Solanum bulbocastanum

Scientific classification
- Kingdom: Plantae
- Clade: Embryophytes
- Clade: Tracheophytes
- Clade: Angiosperms
- Clade: Eudicots
- Clade: Asterids
- Order: Solanales
- Family: Solanaceae
- Genus: Solanum
- Species: S. bulbocastanum
- Binomial name: Solanum bulbocastanum Dunal

= Solanum bulbocastanum =

- Genus: Solanum
- Species: bulbocastanum
- Authority: Dunal

Species of flowering plant

Solanum bulbocastanum, the ornamental nightshade, is a plant in the family Solanaceae, native to Mexico and parts of the U.S. Southwest.

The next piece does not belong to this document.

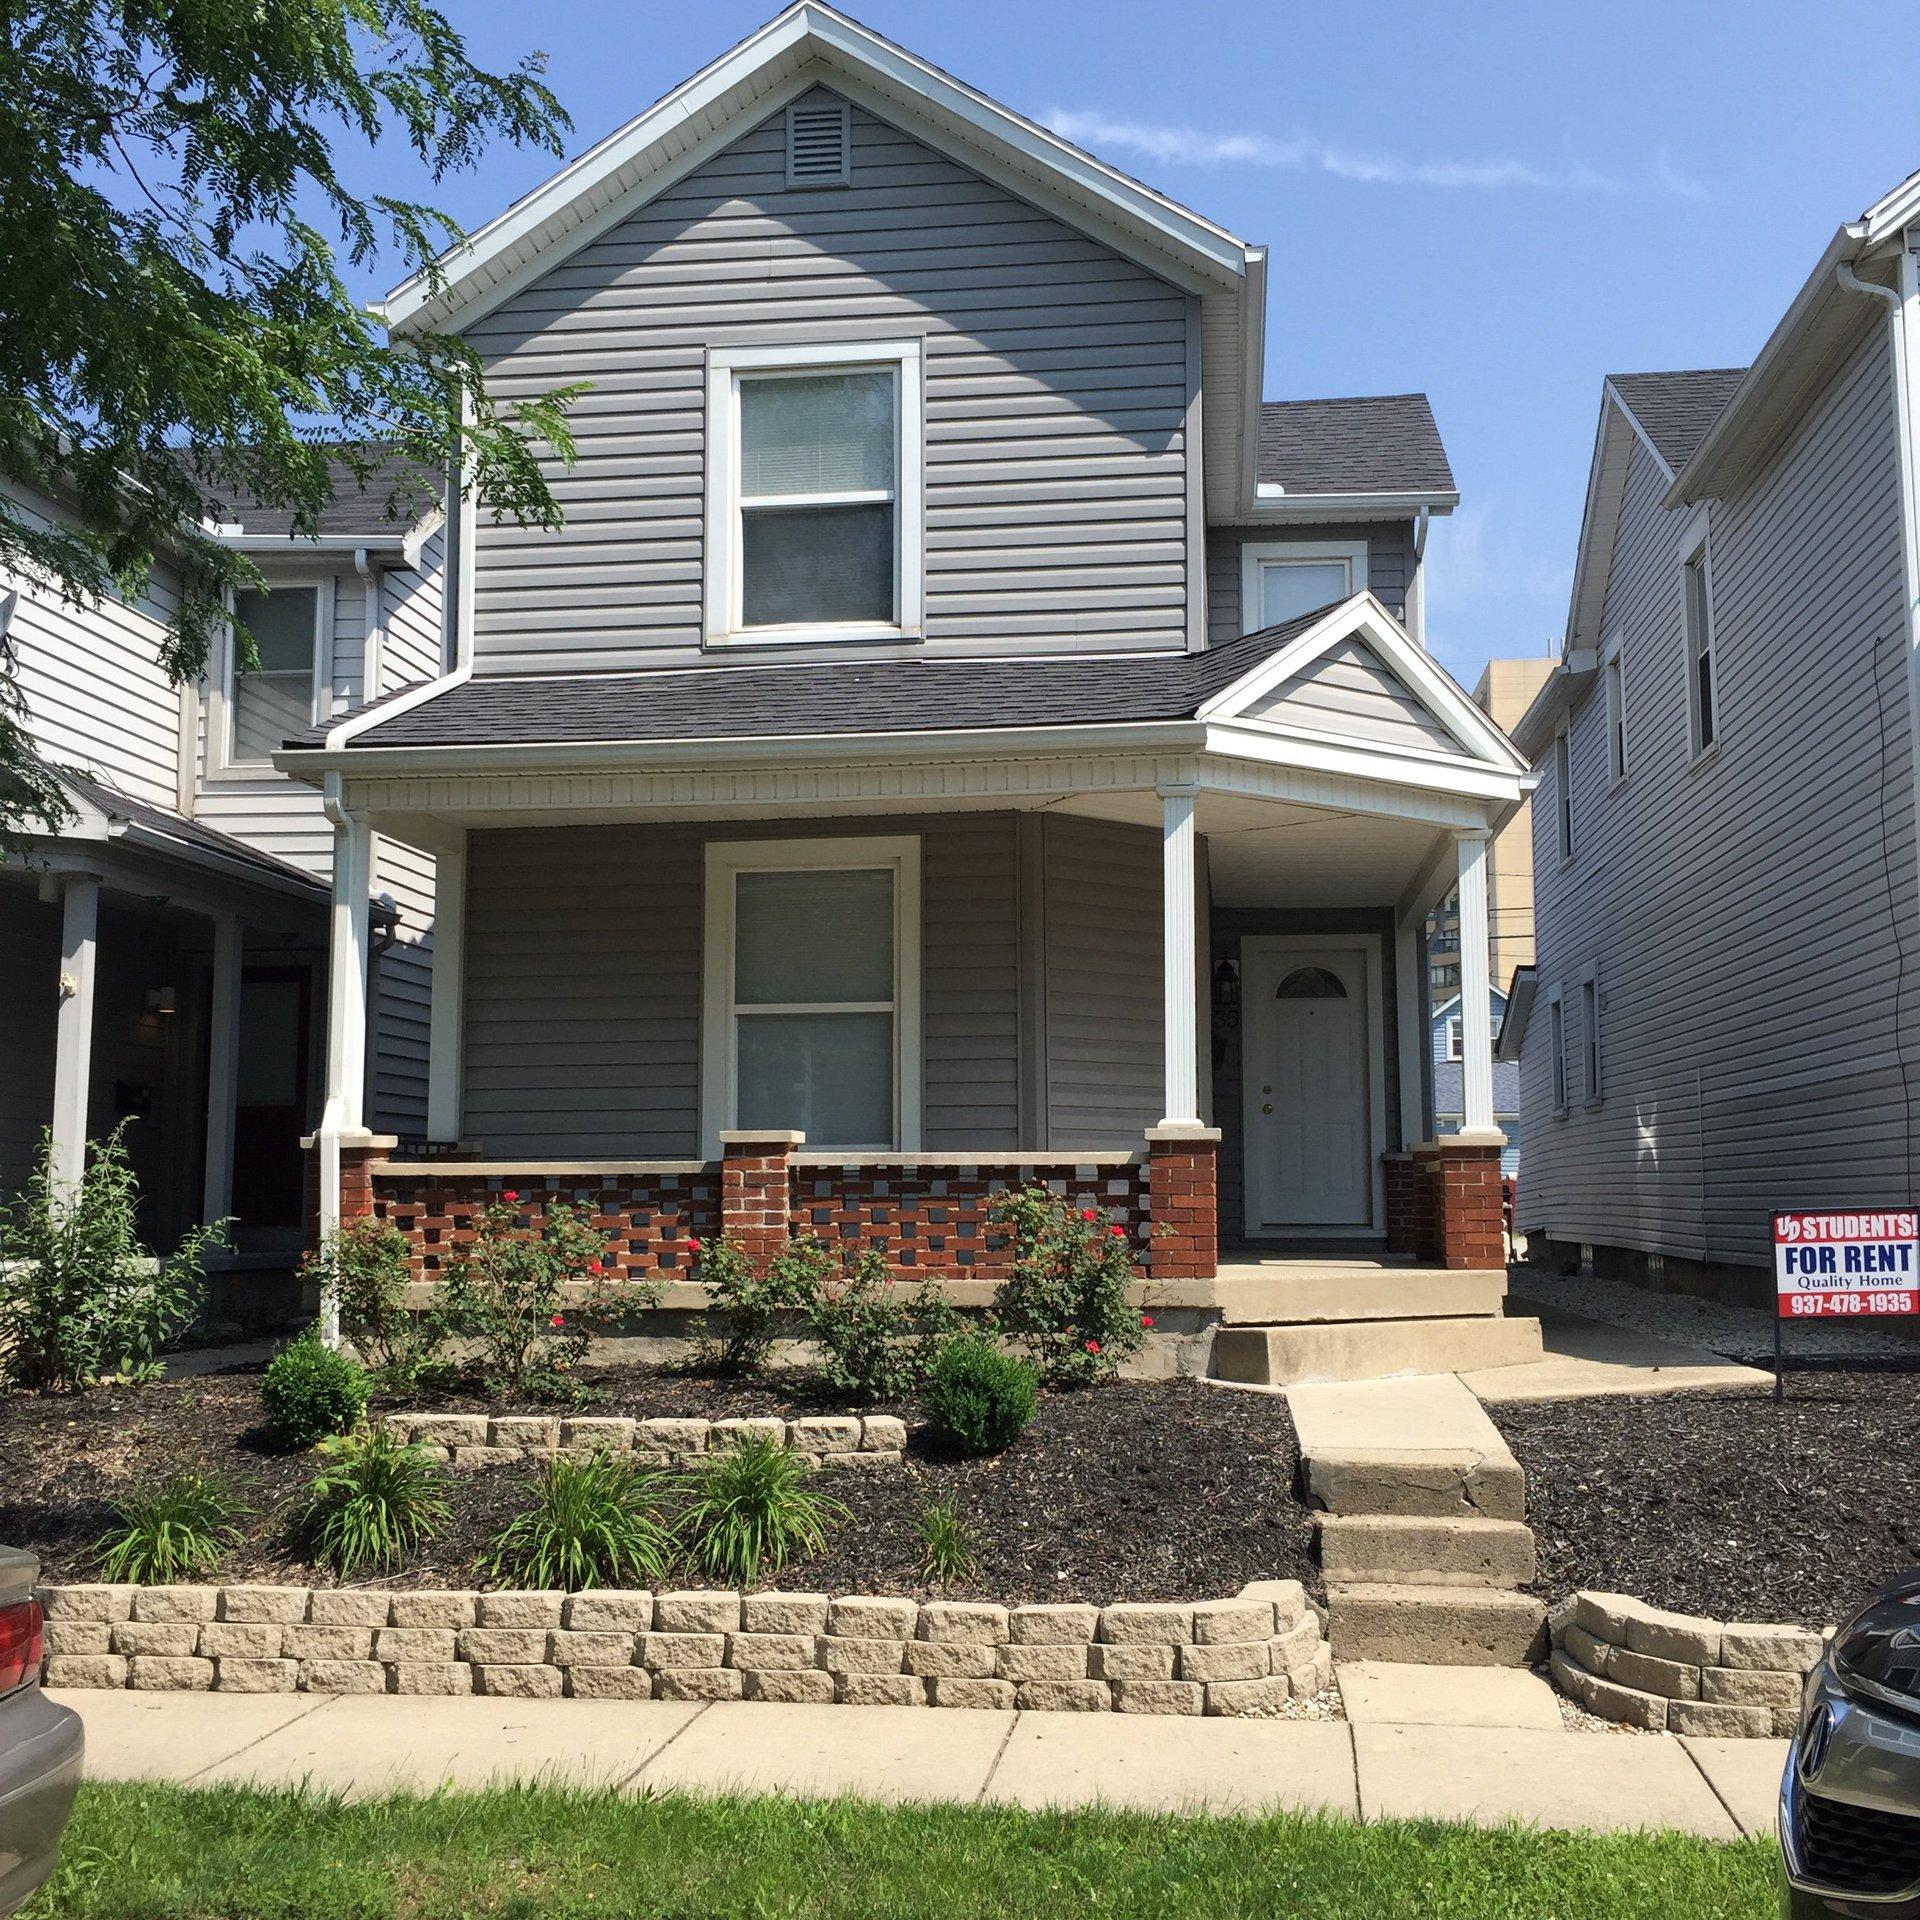 3 Benefits Of Landlord Housing At The University Of Dayton

It is closely related to the potato and, as it has evolved strong resistance to all known varieties of potato blight, has been used to genetically engineer resistance into the cultivated varieties of potatoes around the world. The use of genetic engineering is helpful, as efforts to hybridize by traditional methods have so far been unsuccessful, and the use of somatic hybridization to transfer genes is difficult. A resistance to the Columbia root-knot nematode Meloidogyne chitwoodi has been identified in S. bulbocastanum, which can be transferred to cultivated potato. Furthermore, a 2025 study selected S. bulbocastanum as a leading candidate for de novo domestication as a stress- and disease-resistant potato crop, rather than transferring individual resistance genes into cultivated potato.